SUPPLIED DATA —
·····

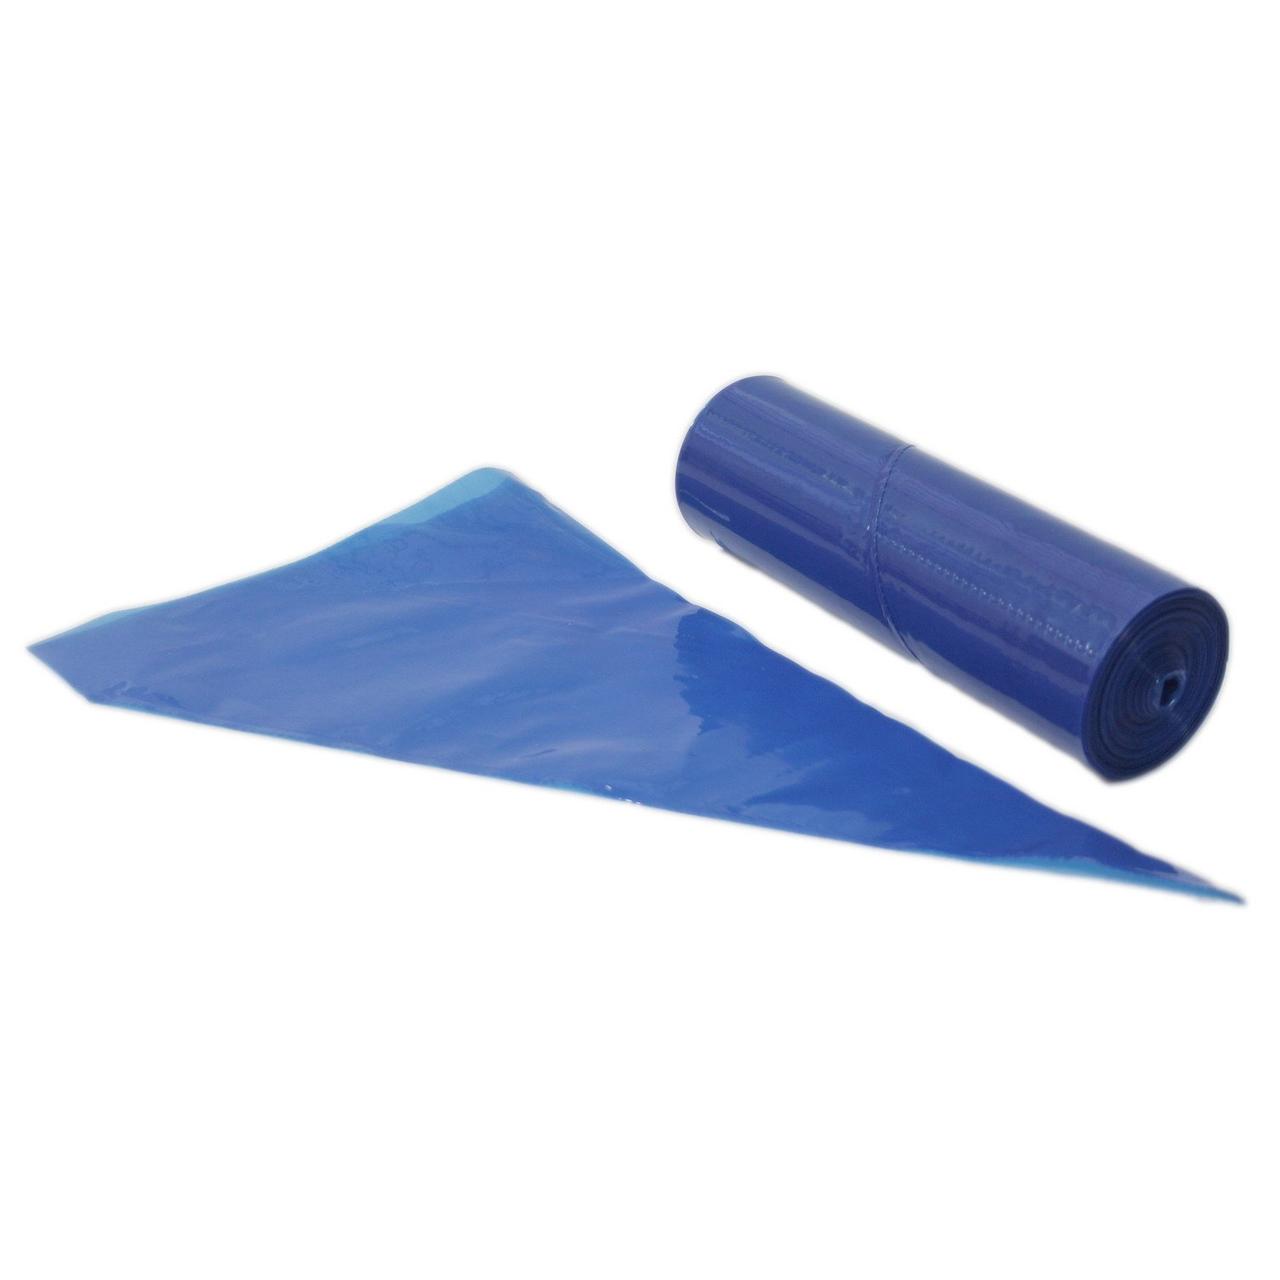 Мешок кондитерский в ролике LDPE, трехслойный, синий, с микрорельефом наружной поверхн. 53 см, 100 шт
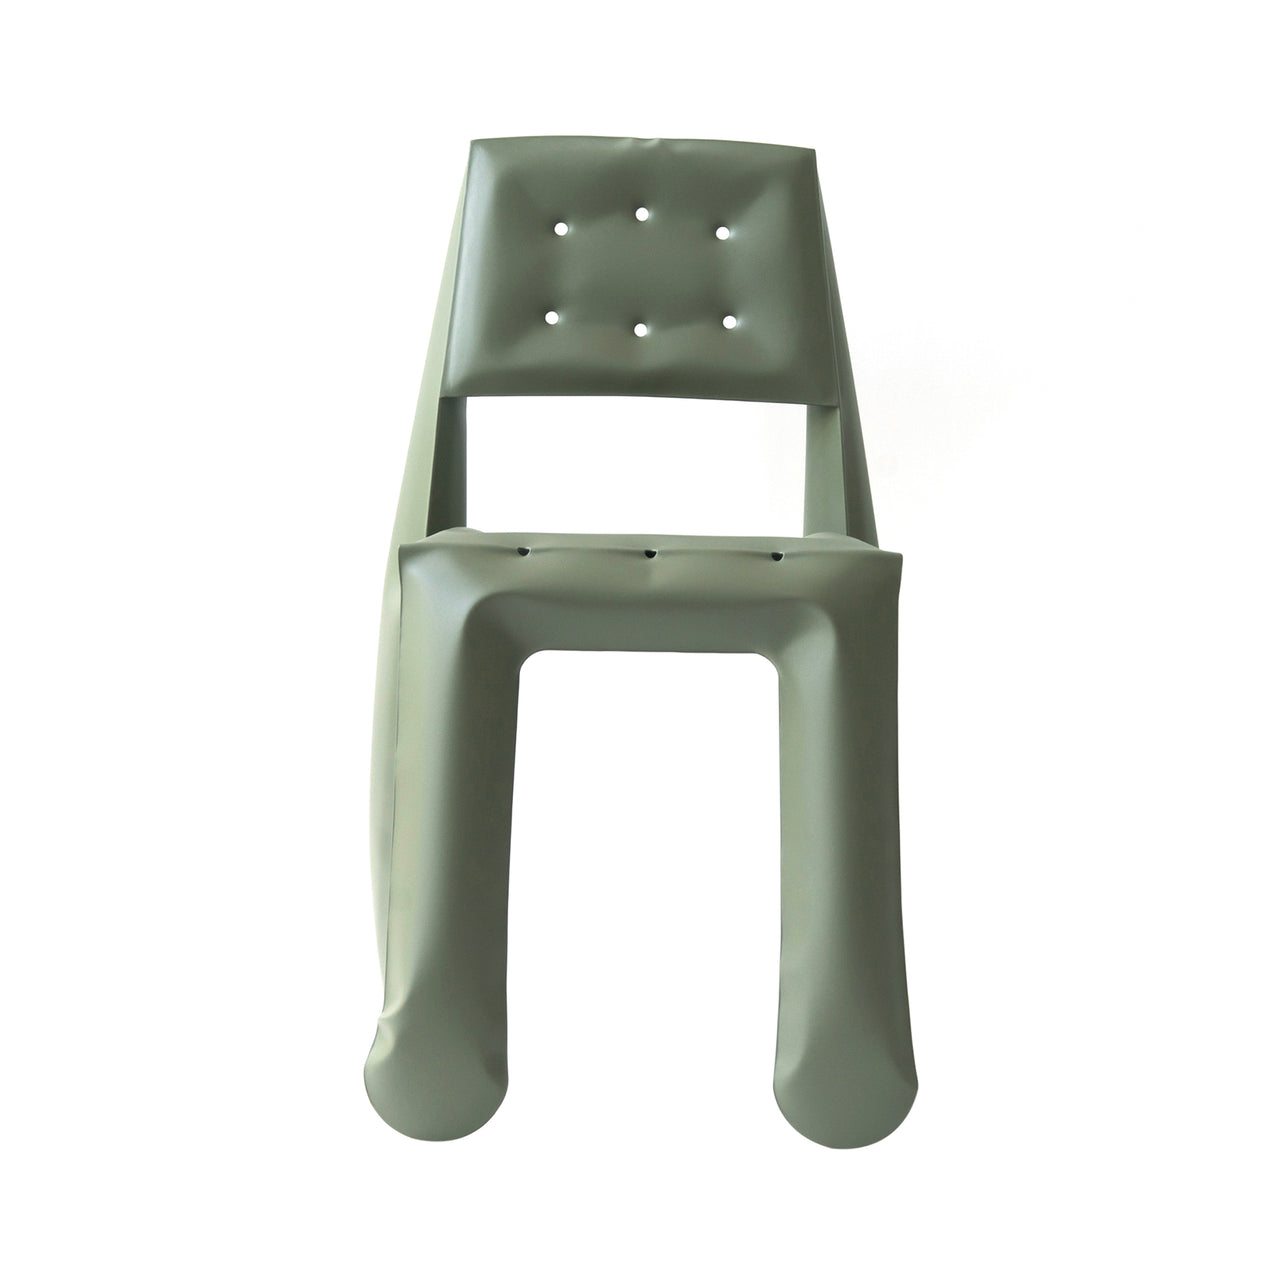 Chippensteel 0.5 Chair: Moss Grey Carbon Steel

·····

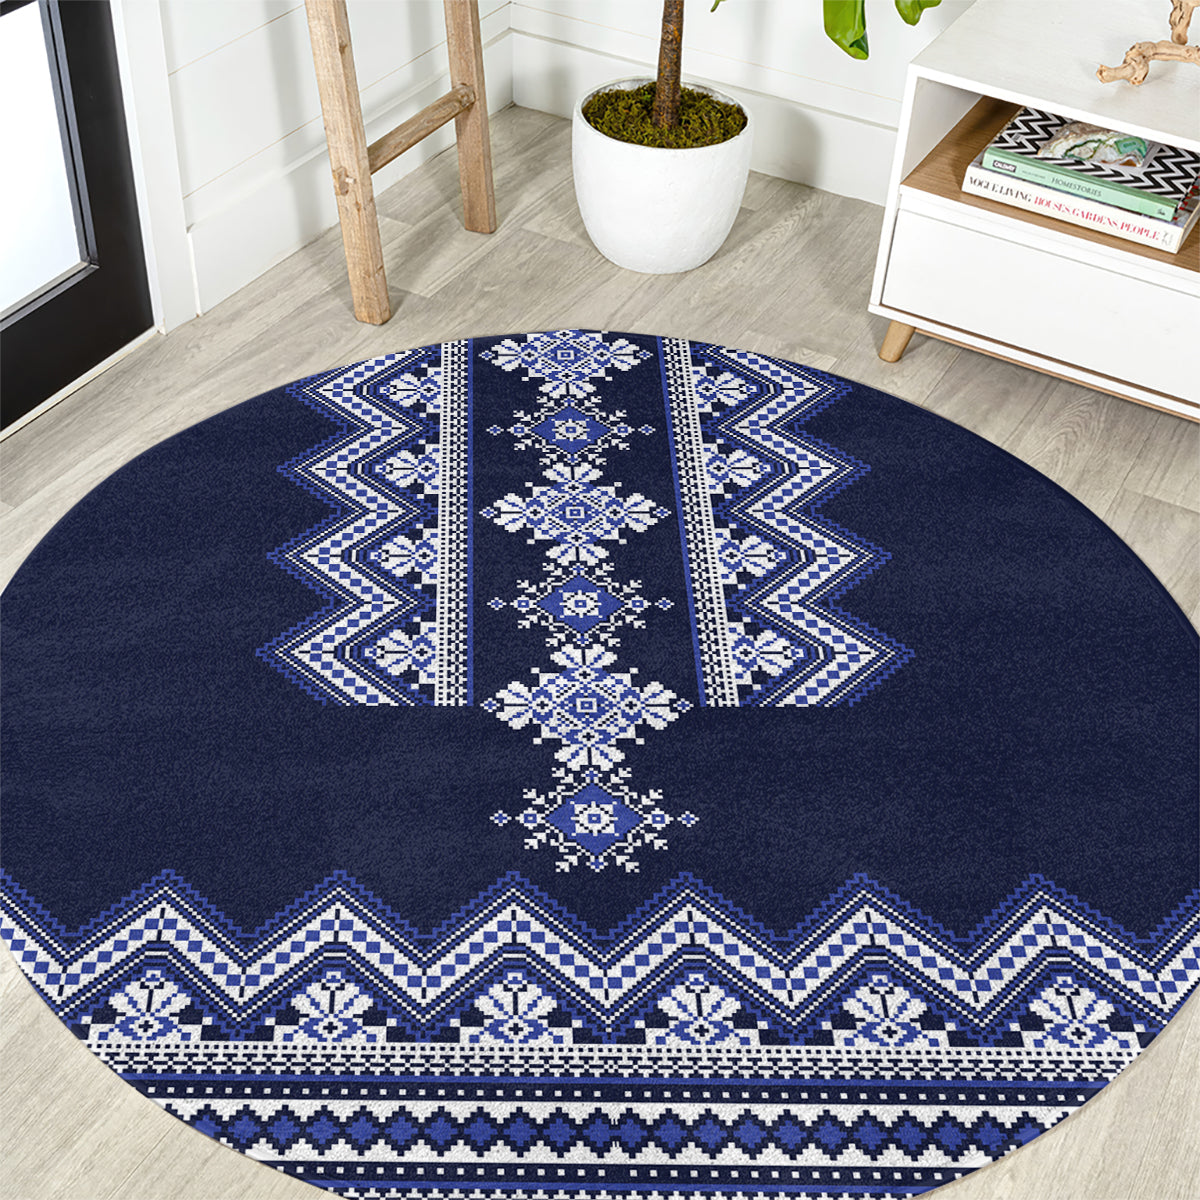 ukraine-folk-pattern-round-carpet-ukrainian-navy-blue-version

·····

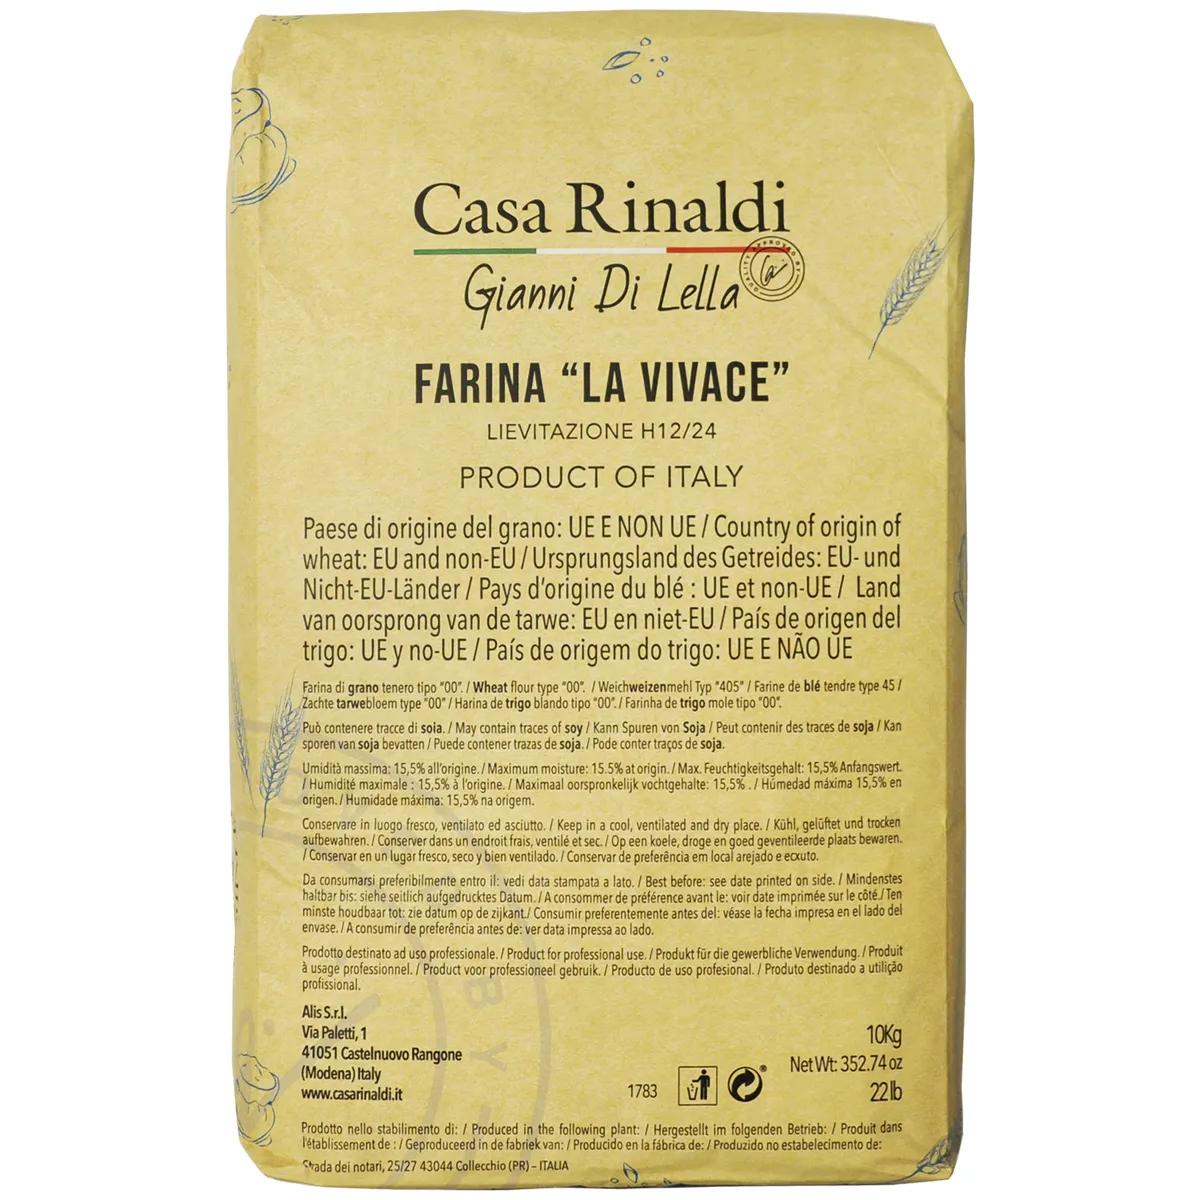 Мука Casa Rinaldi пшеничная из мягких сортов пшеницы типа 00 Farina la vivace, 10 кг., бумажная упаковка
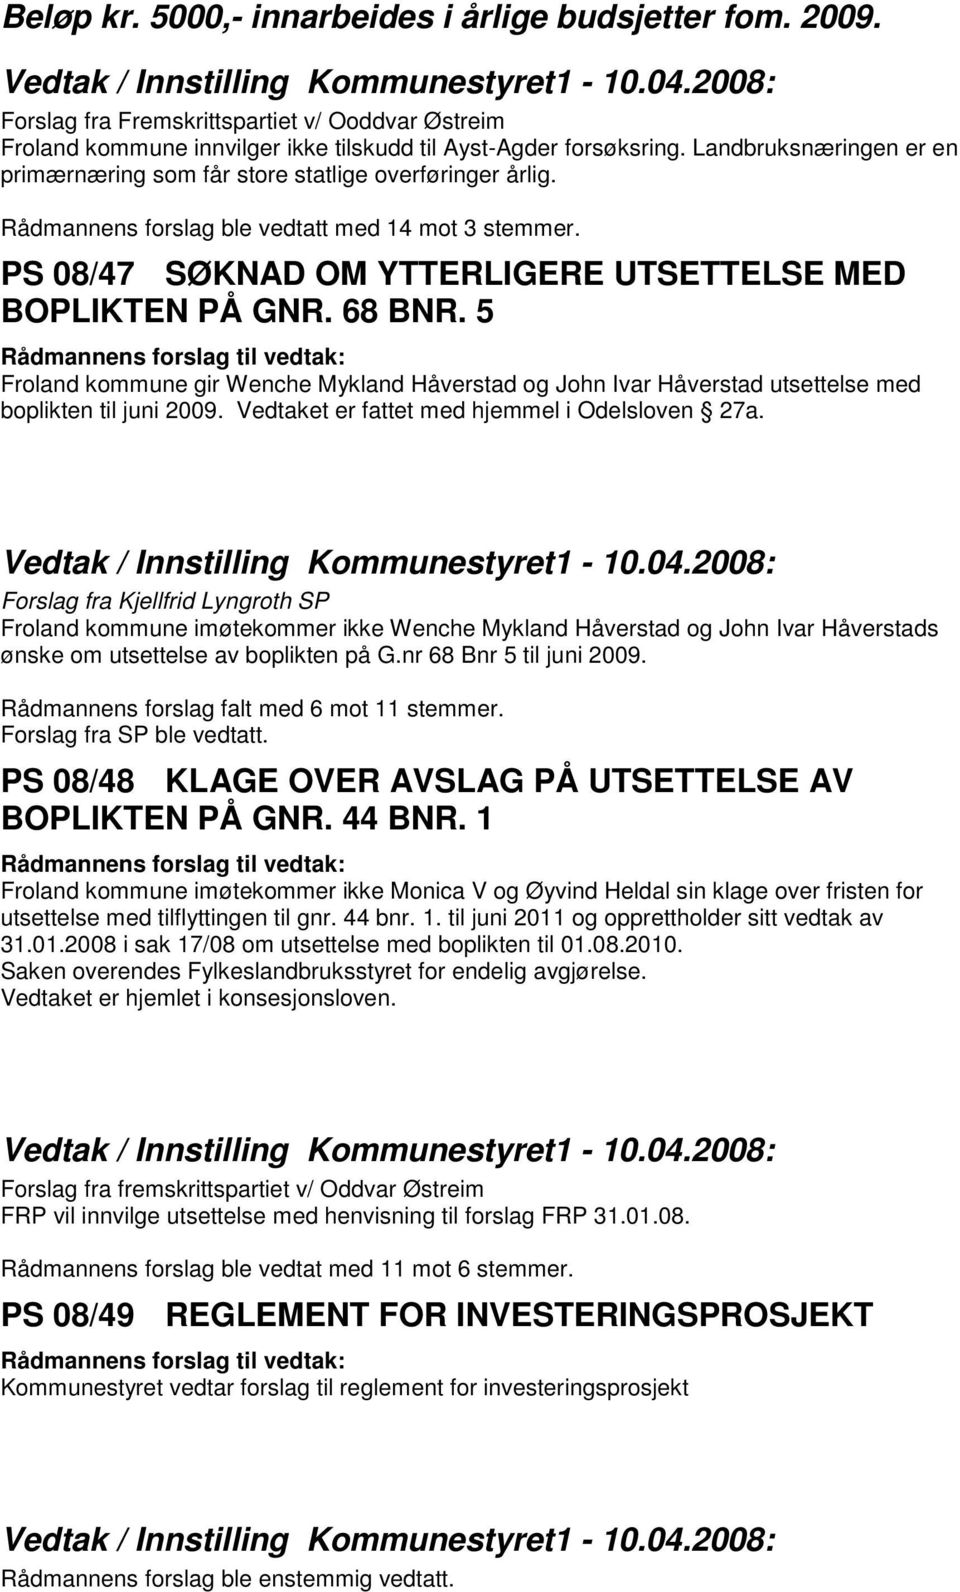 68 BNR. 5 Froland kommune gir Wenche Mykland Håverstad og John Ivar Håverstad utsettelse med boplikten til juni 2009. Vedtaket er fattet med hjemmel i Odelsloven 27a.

·····

EXERCISE DESCRIPTION —
Go to the line above that has "Мешок кондитерский в" and copy exactly from there down to the line that has "Chippensteel 0.5 Chair: Moss", both included. Leave the pictures out.

RESULT FOR THIS TASK —
 Мешок кондитерский в ролике LDPE, трехслойный, синий, с микрорельефом наружной поверхн. 53 см, 100 шт
 Chippensteel 0.5 Chair: Moss Grey Carbon Steel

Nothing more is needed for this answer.